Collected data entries
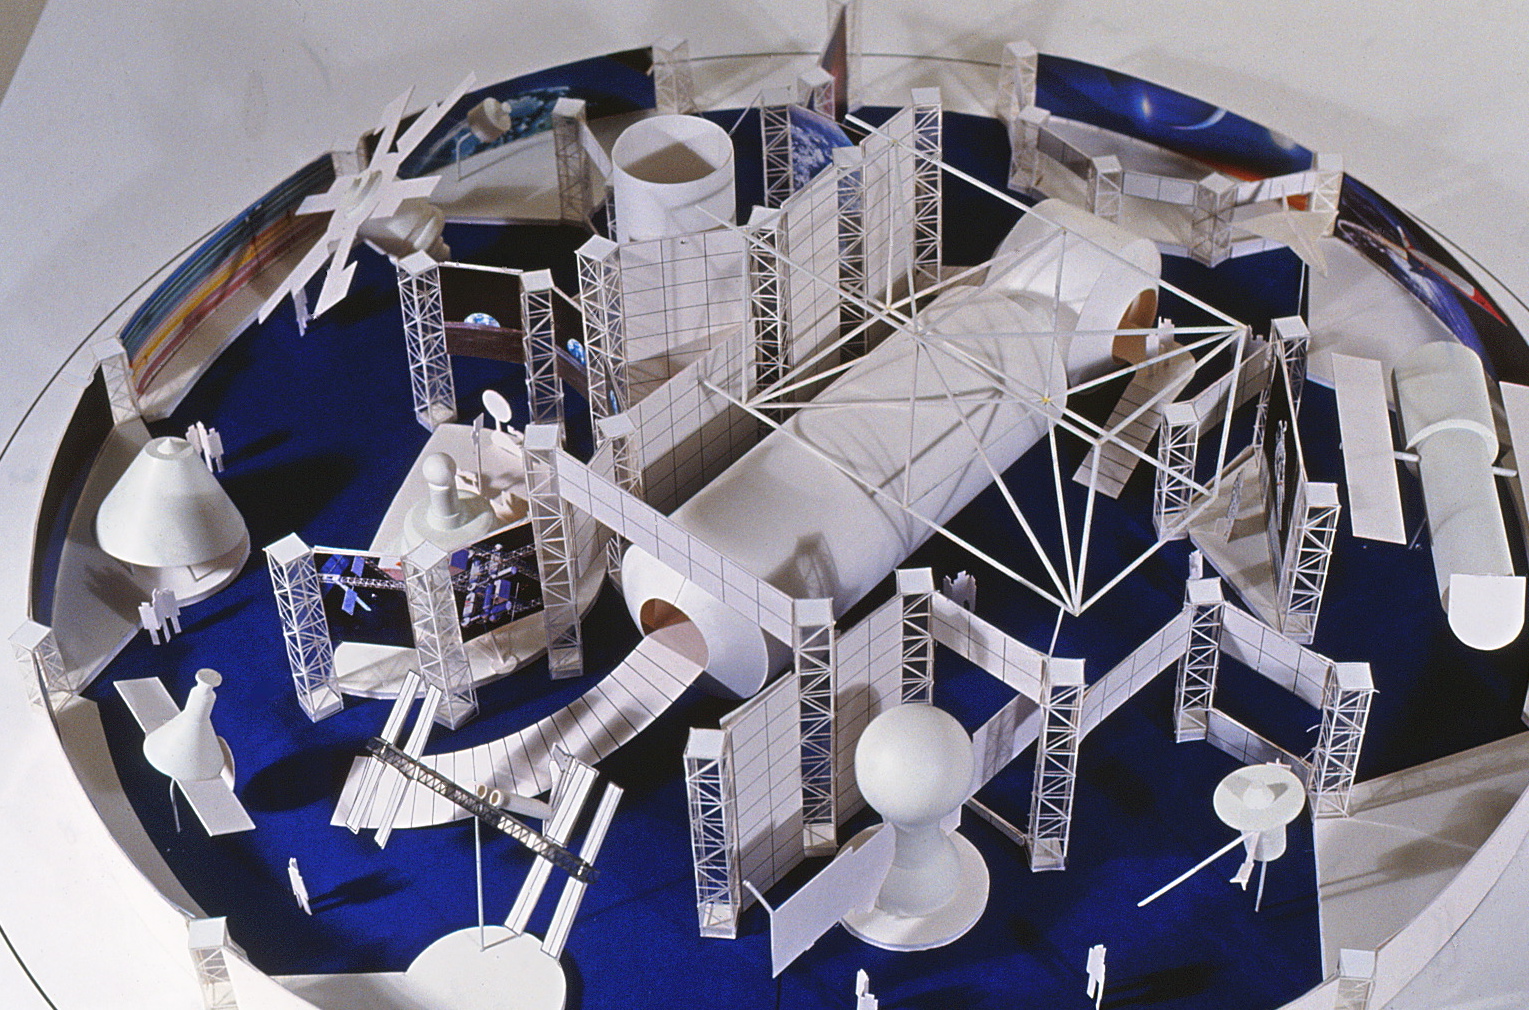 Photo of the exhibit model with no dome over it, taken from above, featuring the entrance side of the complex.
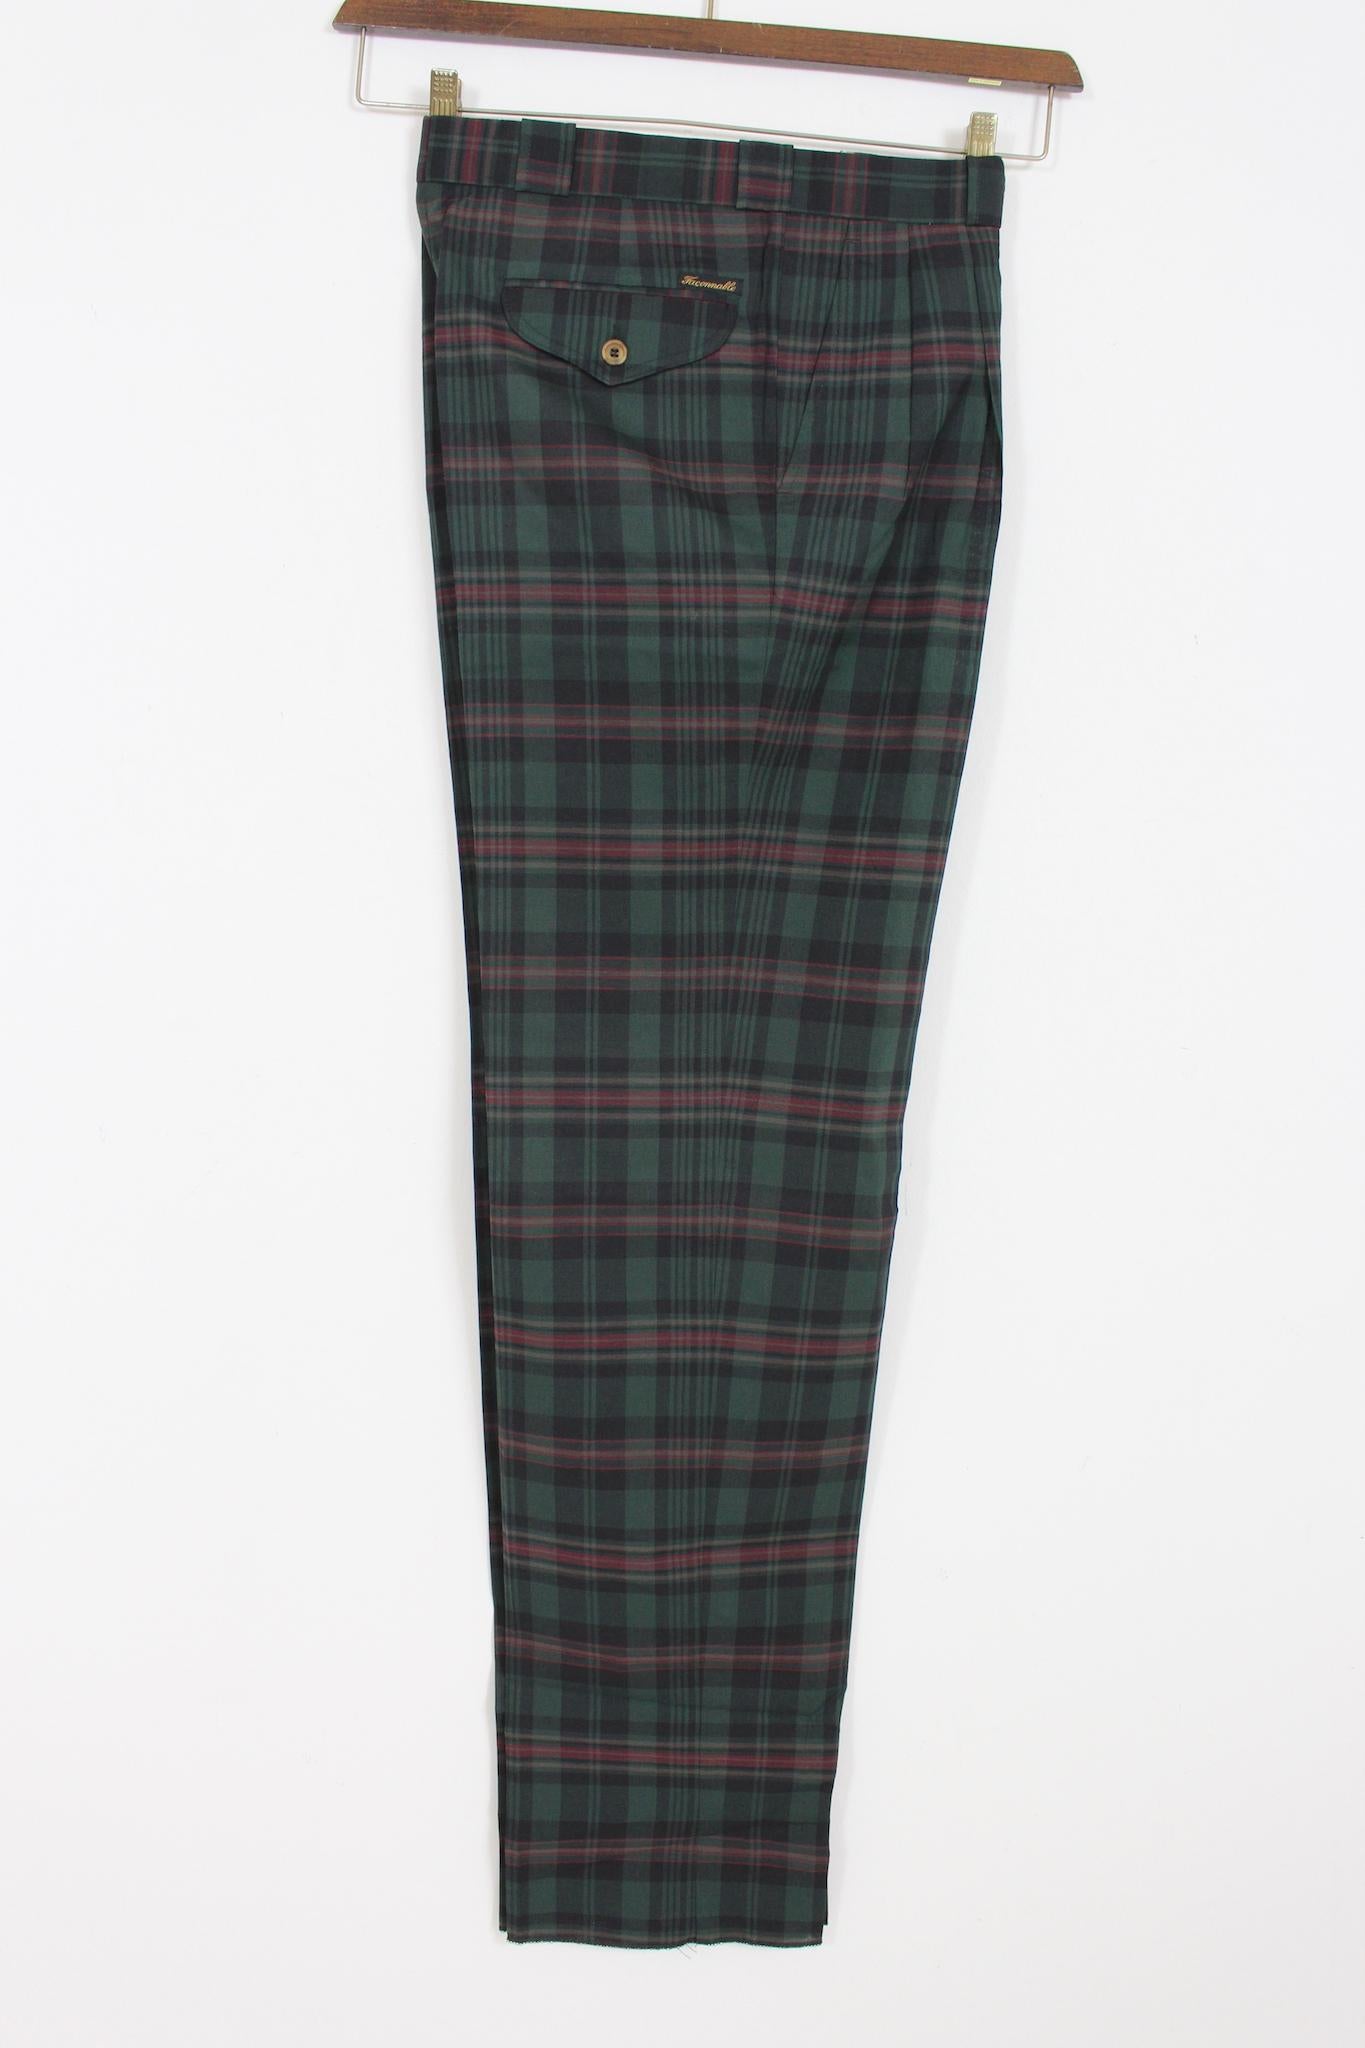 Facconable 90s vintage checked trousers. Green and red color, 33% cotton, 67% polyester fabric. Made in italy. Coming from stock fund.

Size: 42 It 32 Us 32 Uk

Waist: 40 cm
Length: 116 cm
Hem: 23 cm
Pant inseam: 87cm
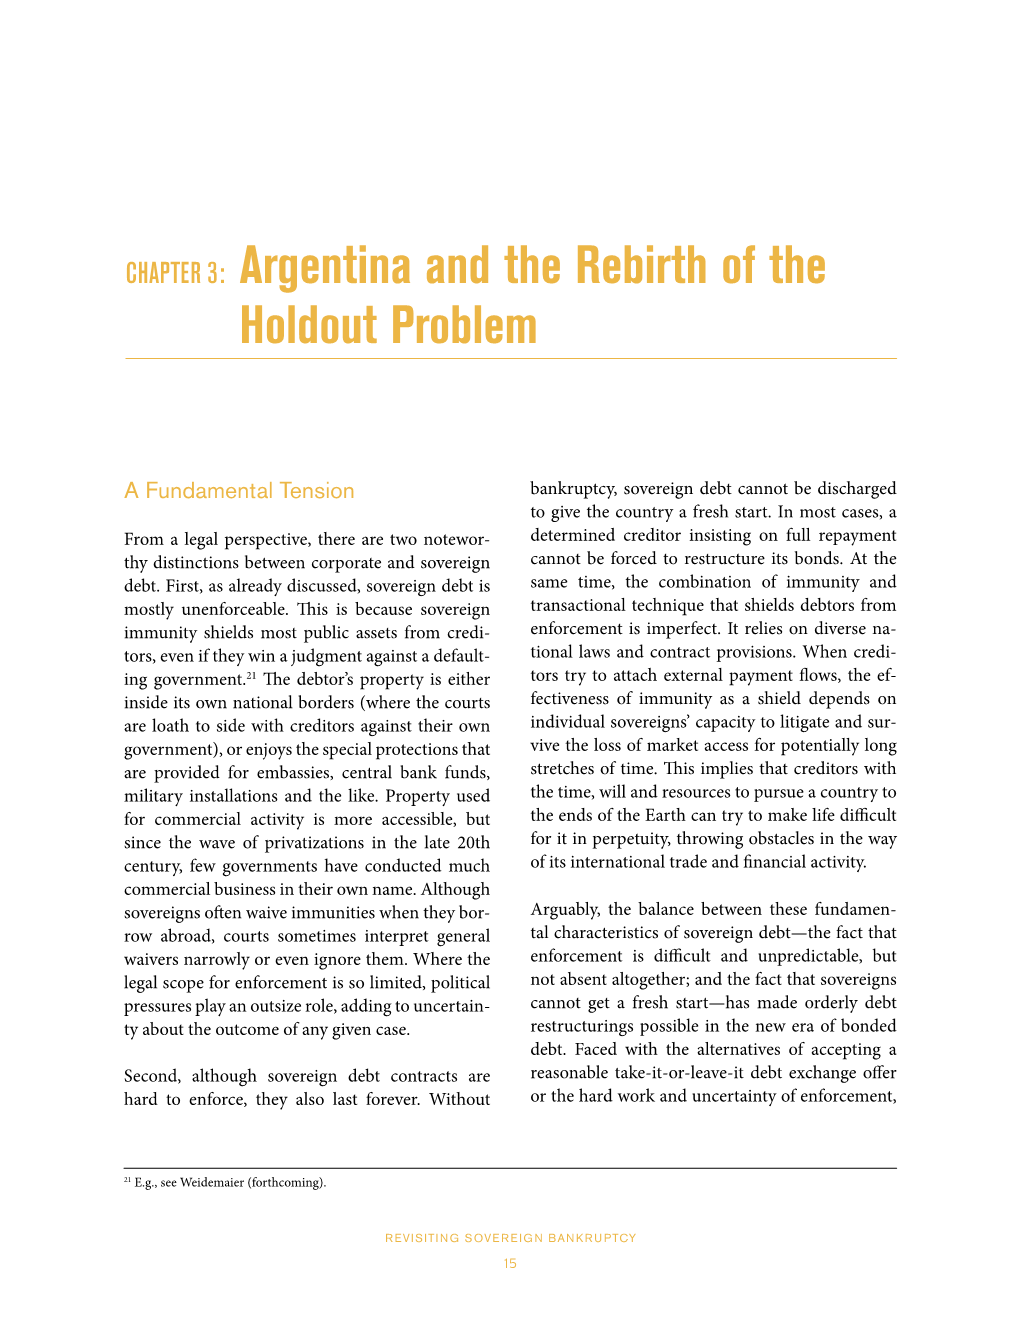 CHAPTER 3: Argentina and the Rebirth of the Holdout Problem

WHAT THE TASK REQUIRES: The output must match, line for line, the span from the line containing "Size: 42 It 32 Us 32 Uk" through the end of the data, with the pictures removed.

ANSWER SPACE:
Size: 42 It 32 Us 32 Uk

Waist: 40 cm
Length: 116 cm
Hem: 23 cm
Pant inseam: 87cm
 CHAPTER 3: Argentina and the Rebirth of the Holdout Problem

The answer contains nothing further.